## Provided data
--------

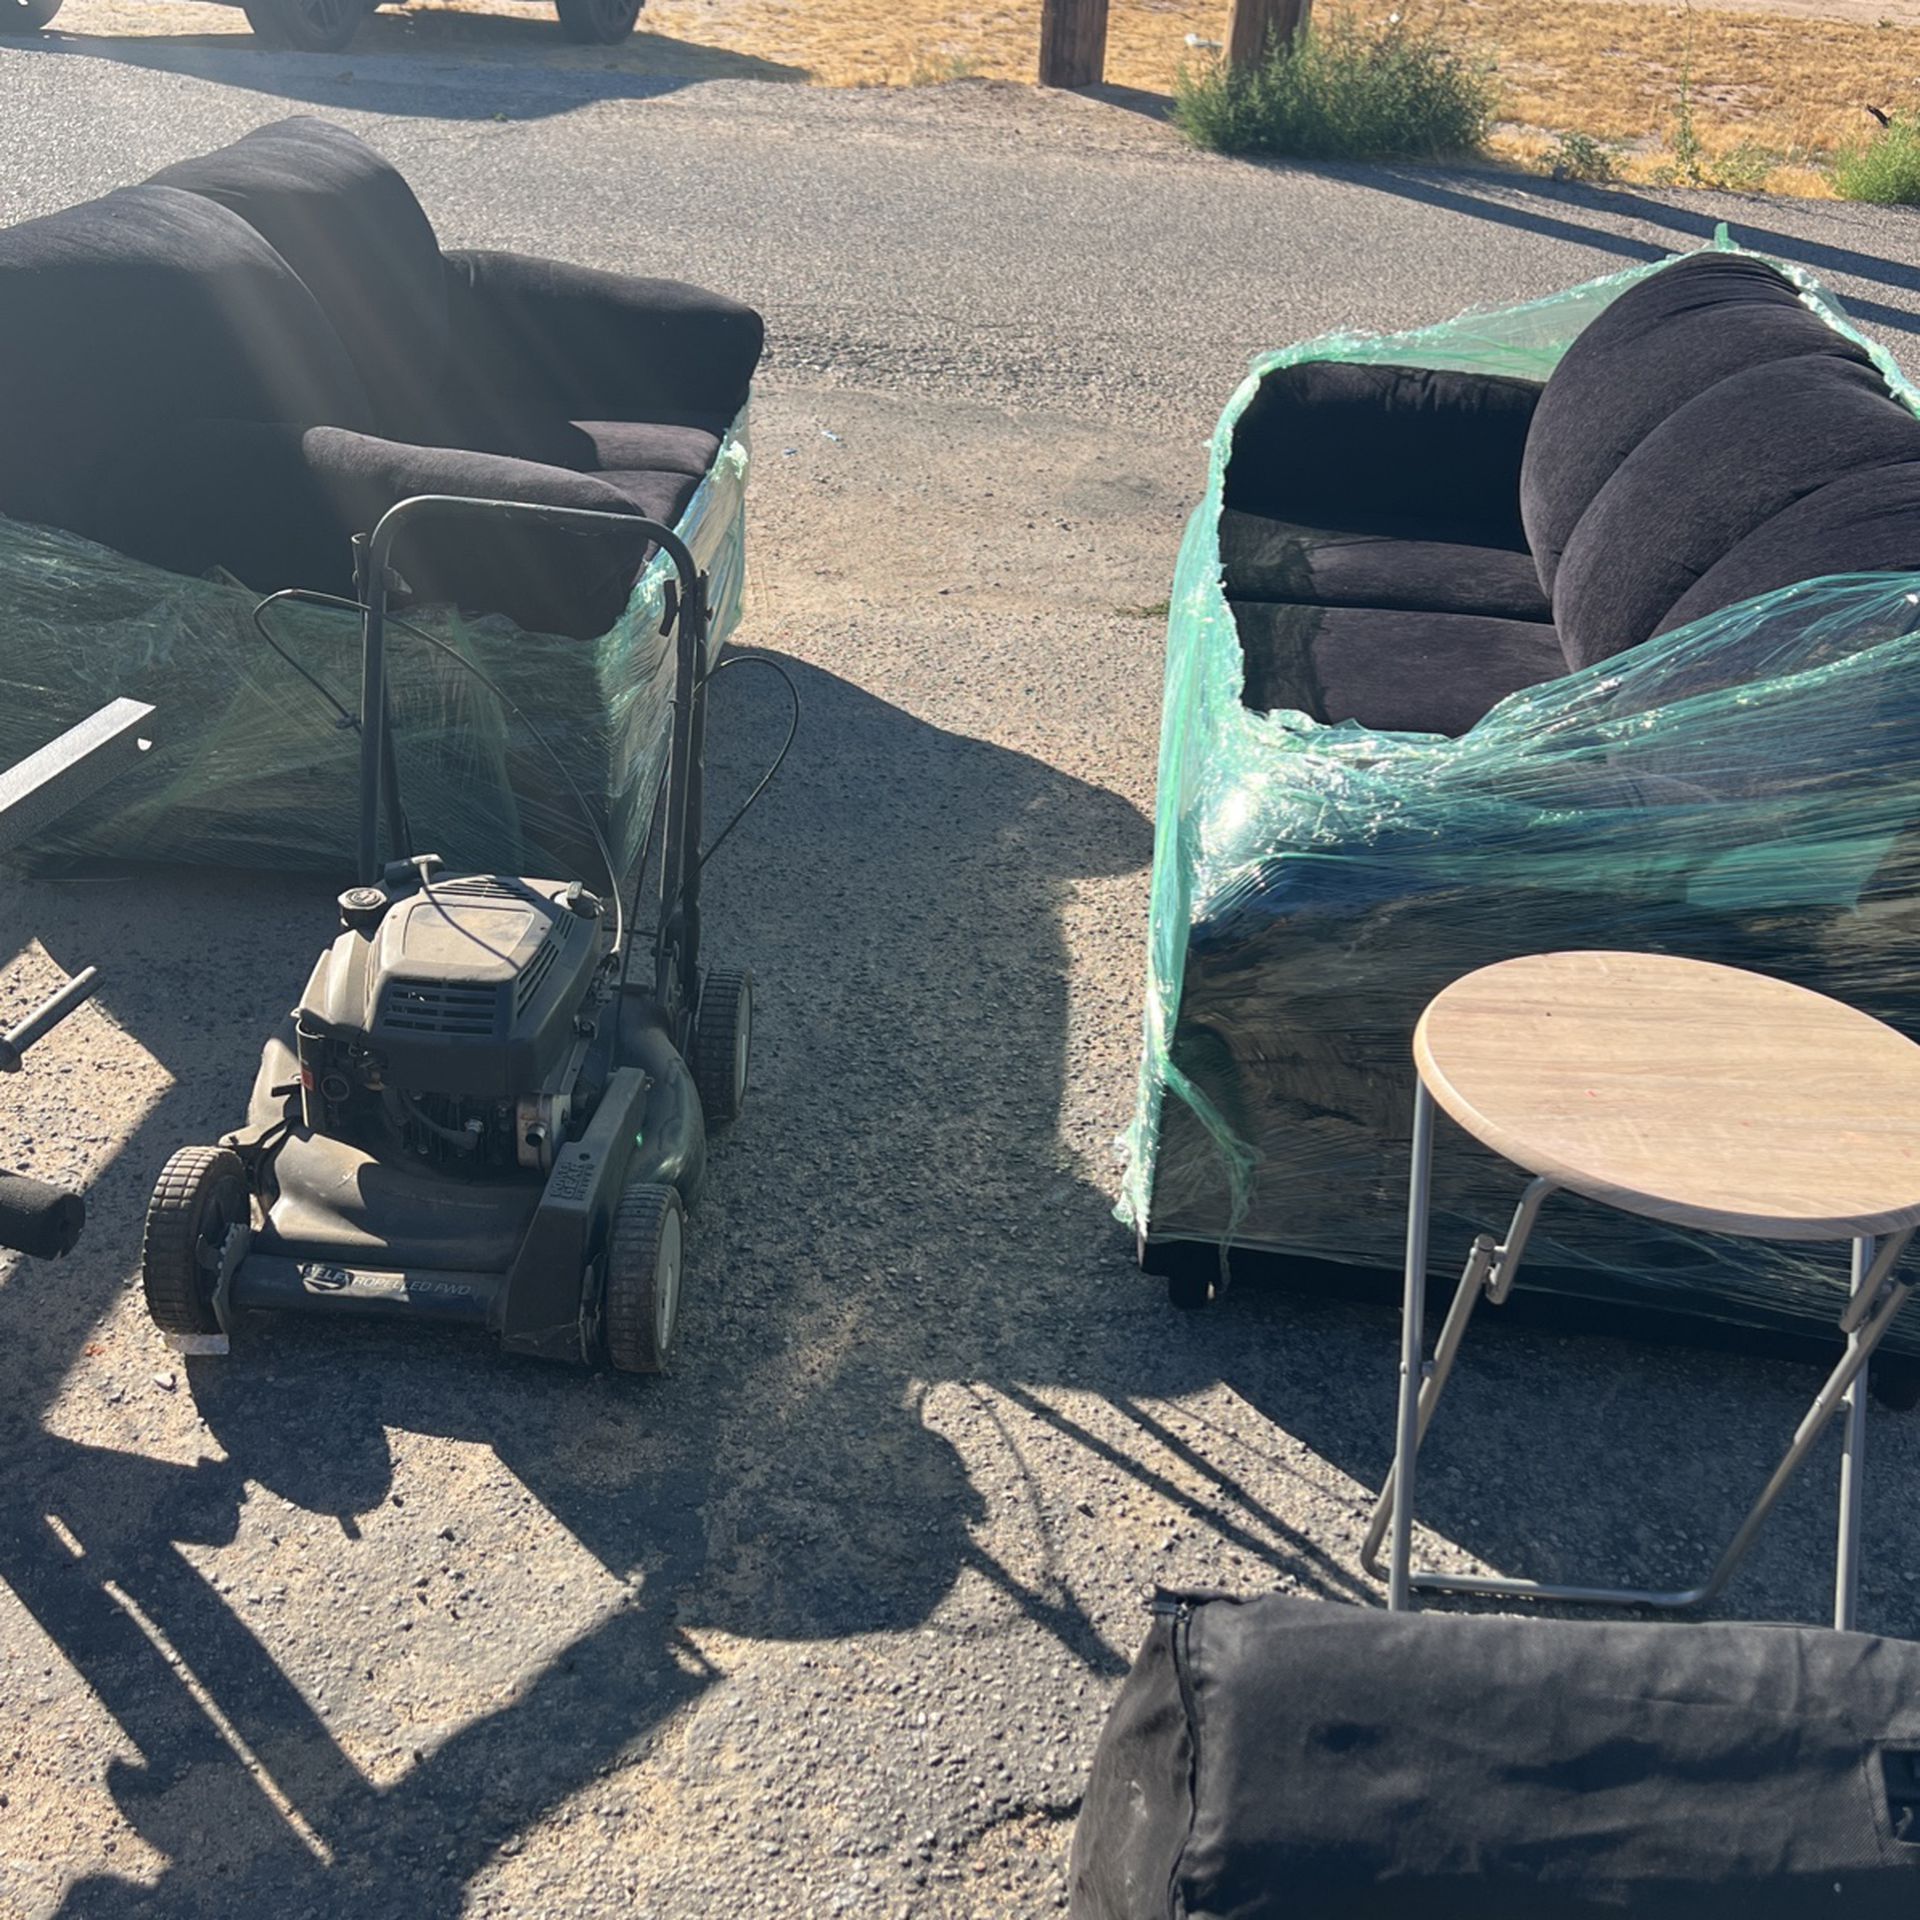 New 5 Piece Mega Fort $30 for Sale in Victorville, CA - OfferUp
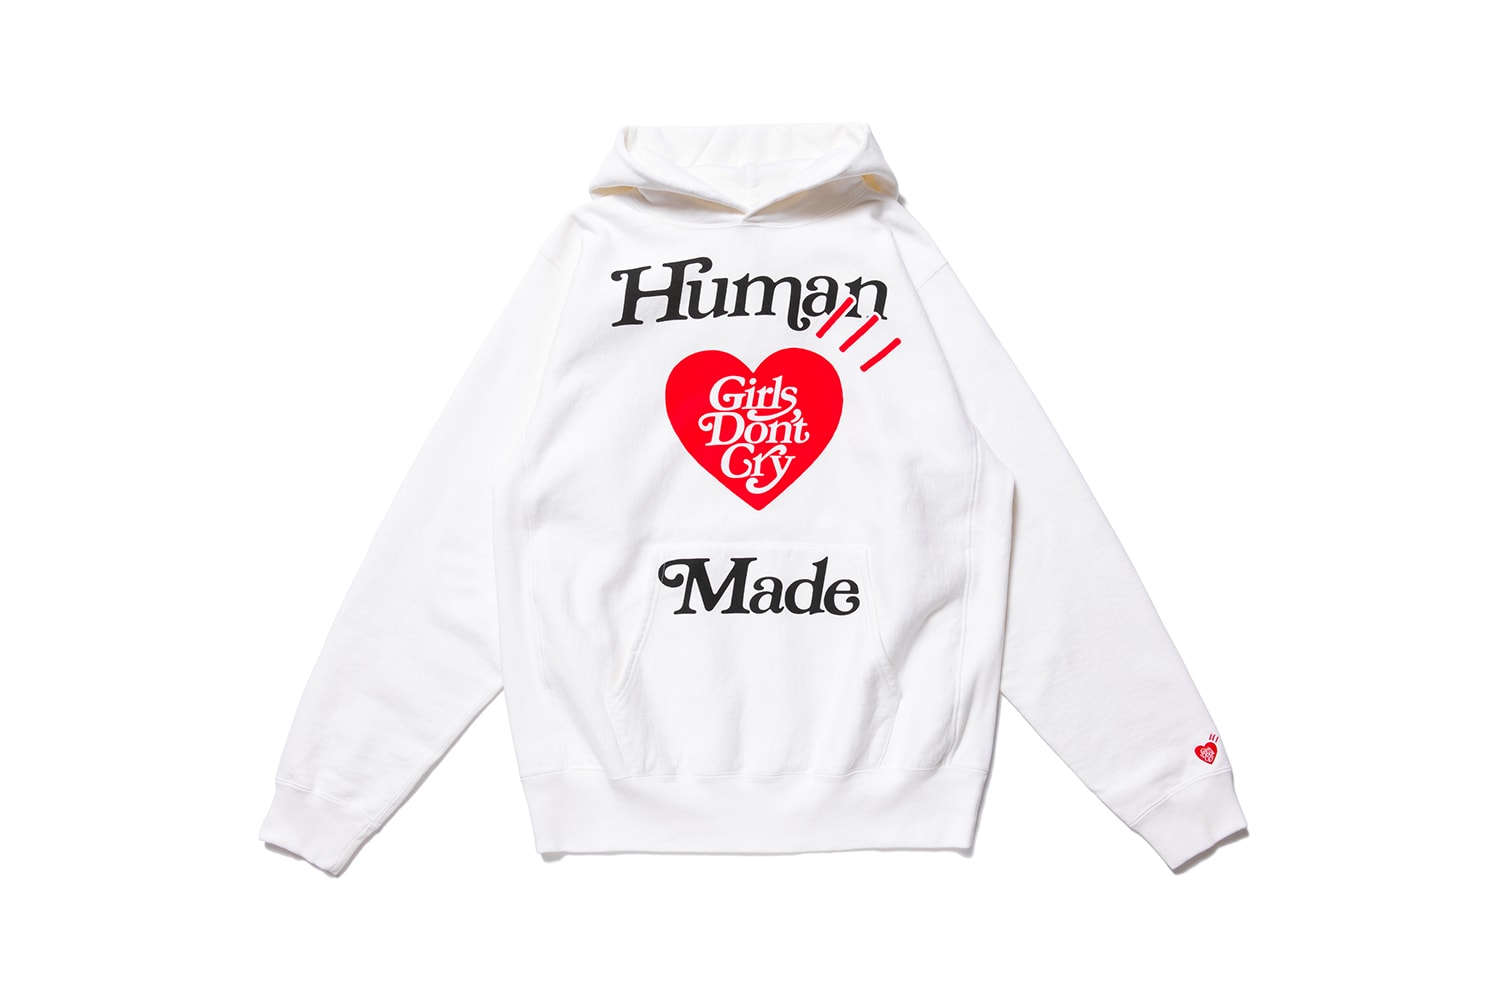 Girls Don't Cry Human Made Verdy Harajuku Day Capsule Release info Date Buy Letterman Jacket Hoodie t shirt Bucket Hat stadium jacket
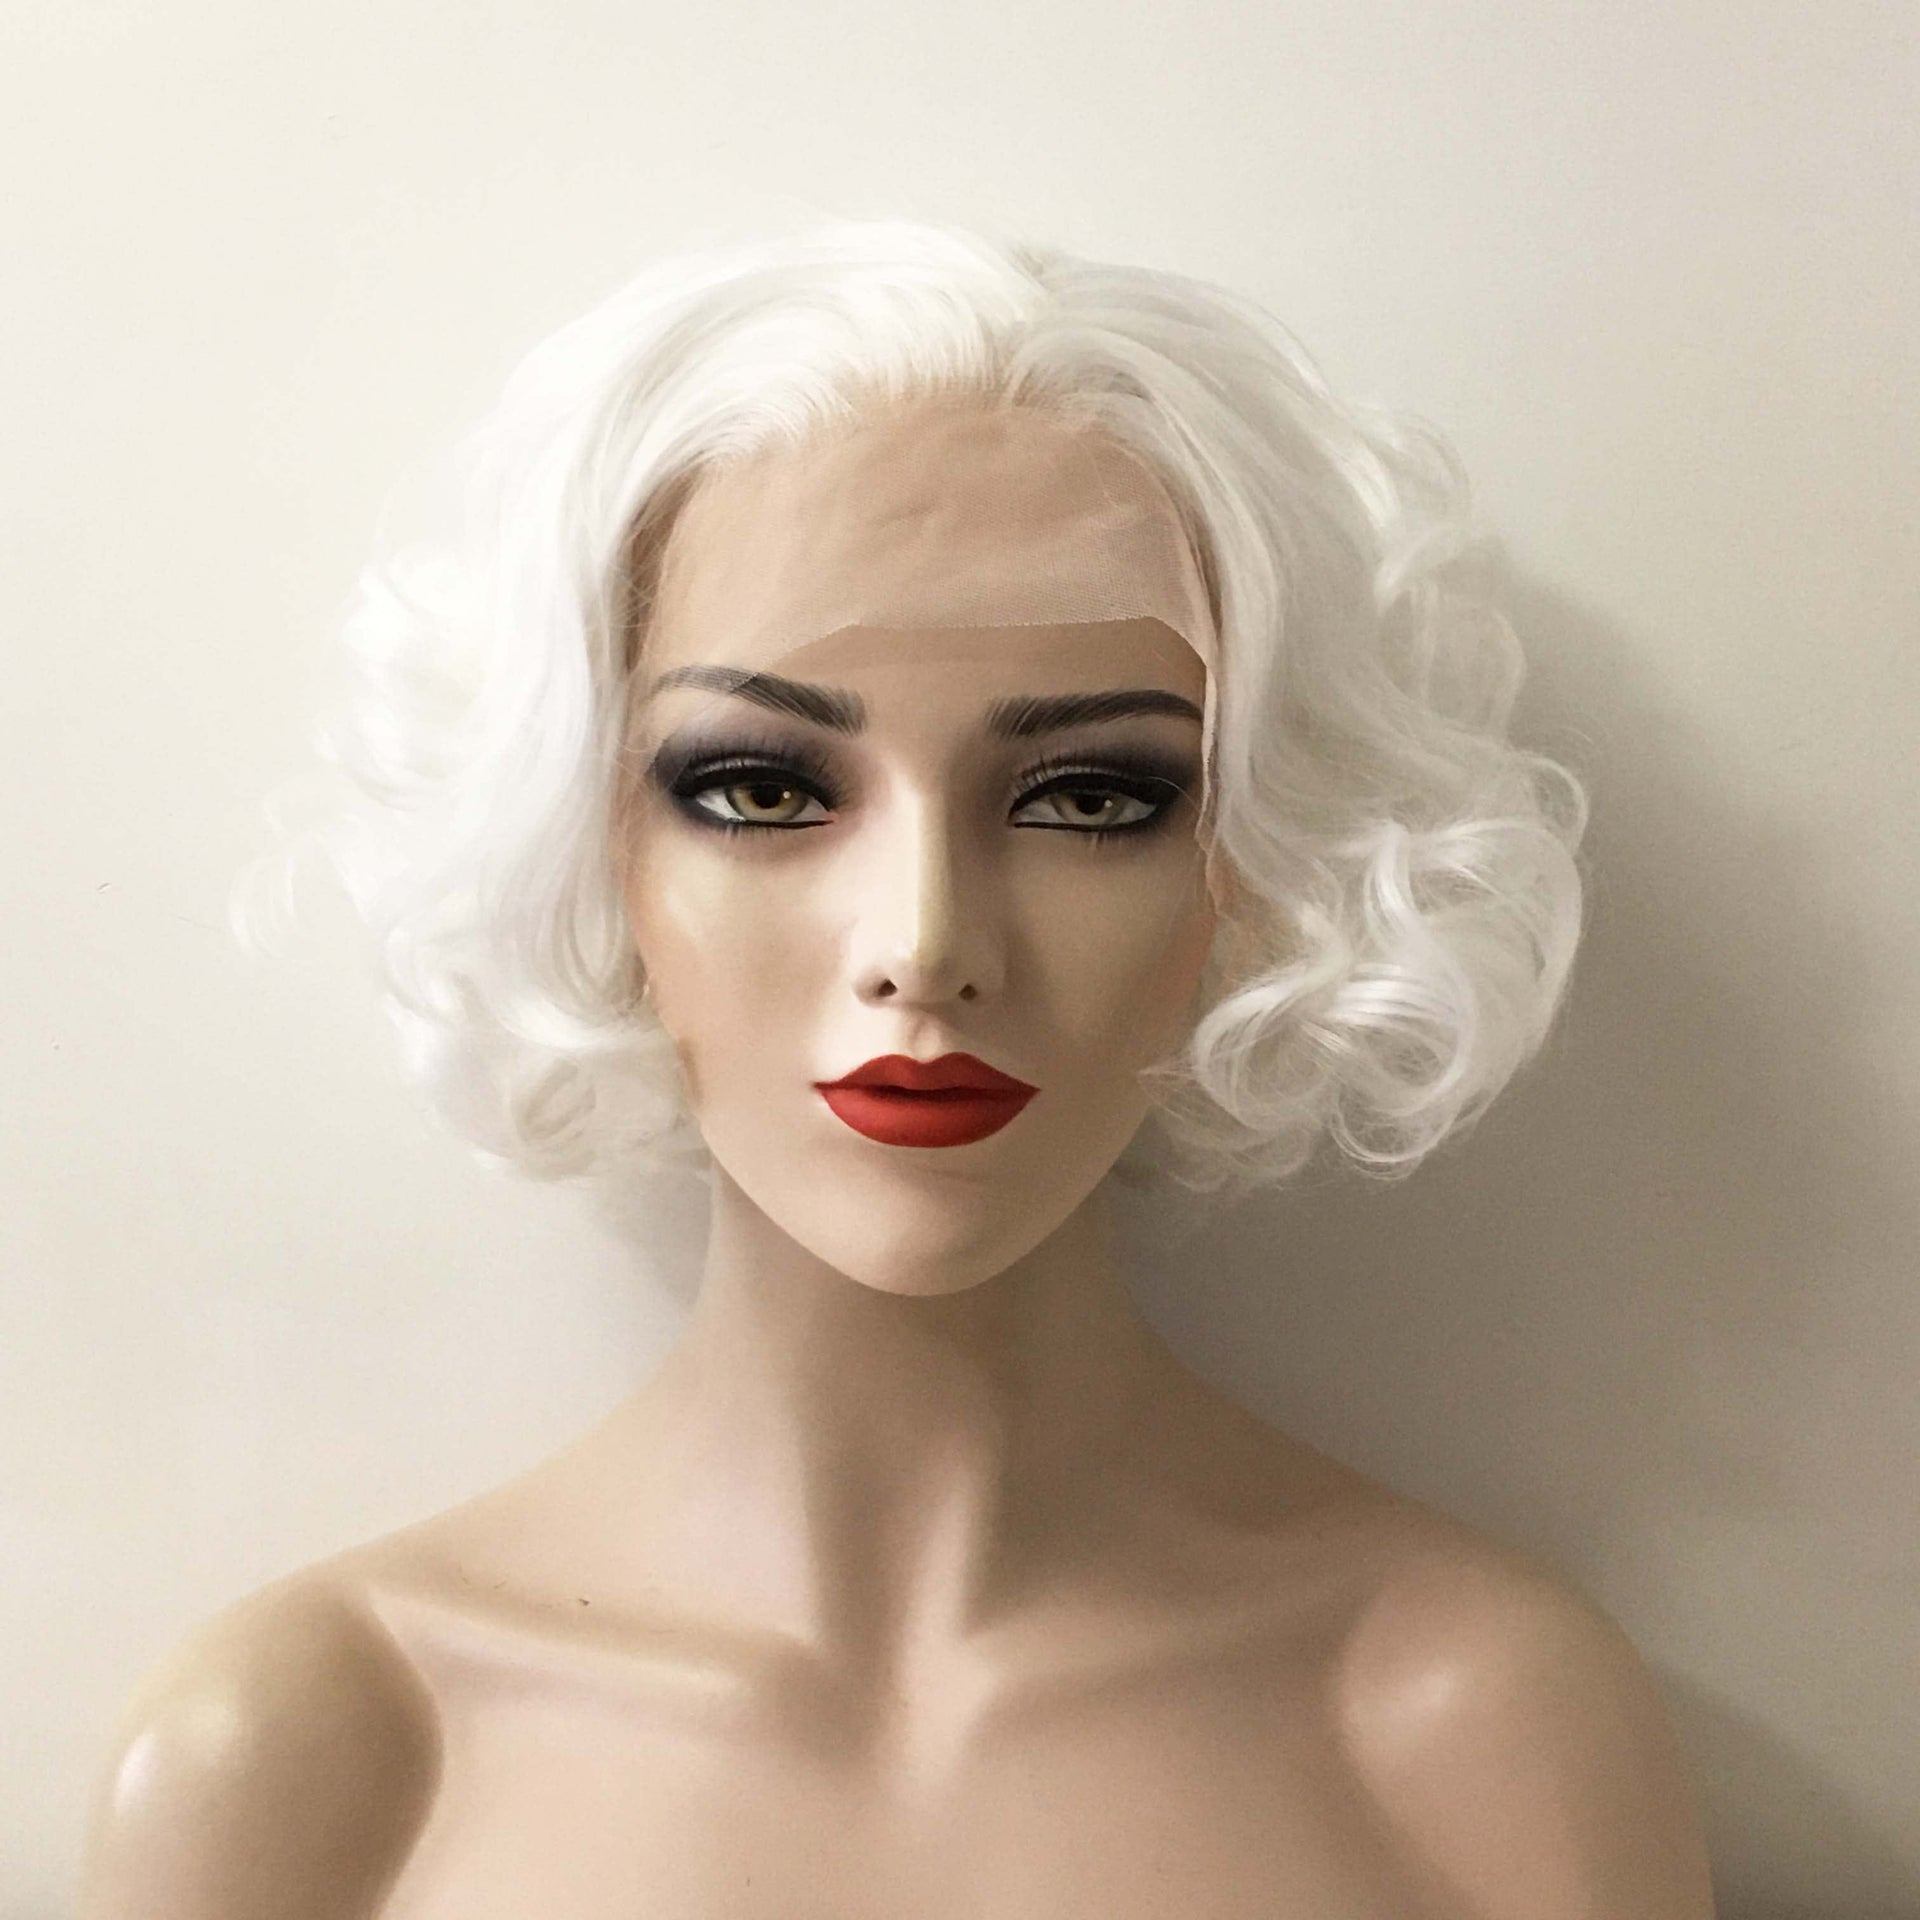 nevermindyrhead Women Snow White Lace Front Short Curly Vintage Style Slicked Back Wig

--------

Please write out every line of the listing above exactly, and leave the images behind.

## Solution for this task
 New 5 Piece Mega Fort $30 for Sale in Victorville, CA - OfferUp
 Girls Don't Cry Human Made Verdy Harajuku Day Capsule Release info Date Buy Letterman Jacket Hoodie t shirt Bucket Hat stadium jacket
 nevermindyrhead Women Snow White Lace Front Short Curly Vintage Style Slicked Back Wig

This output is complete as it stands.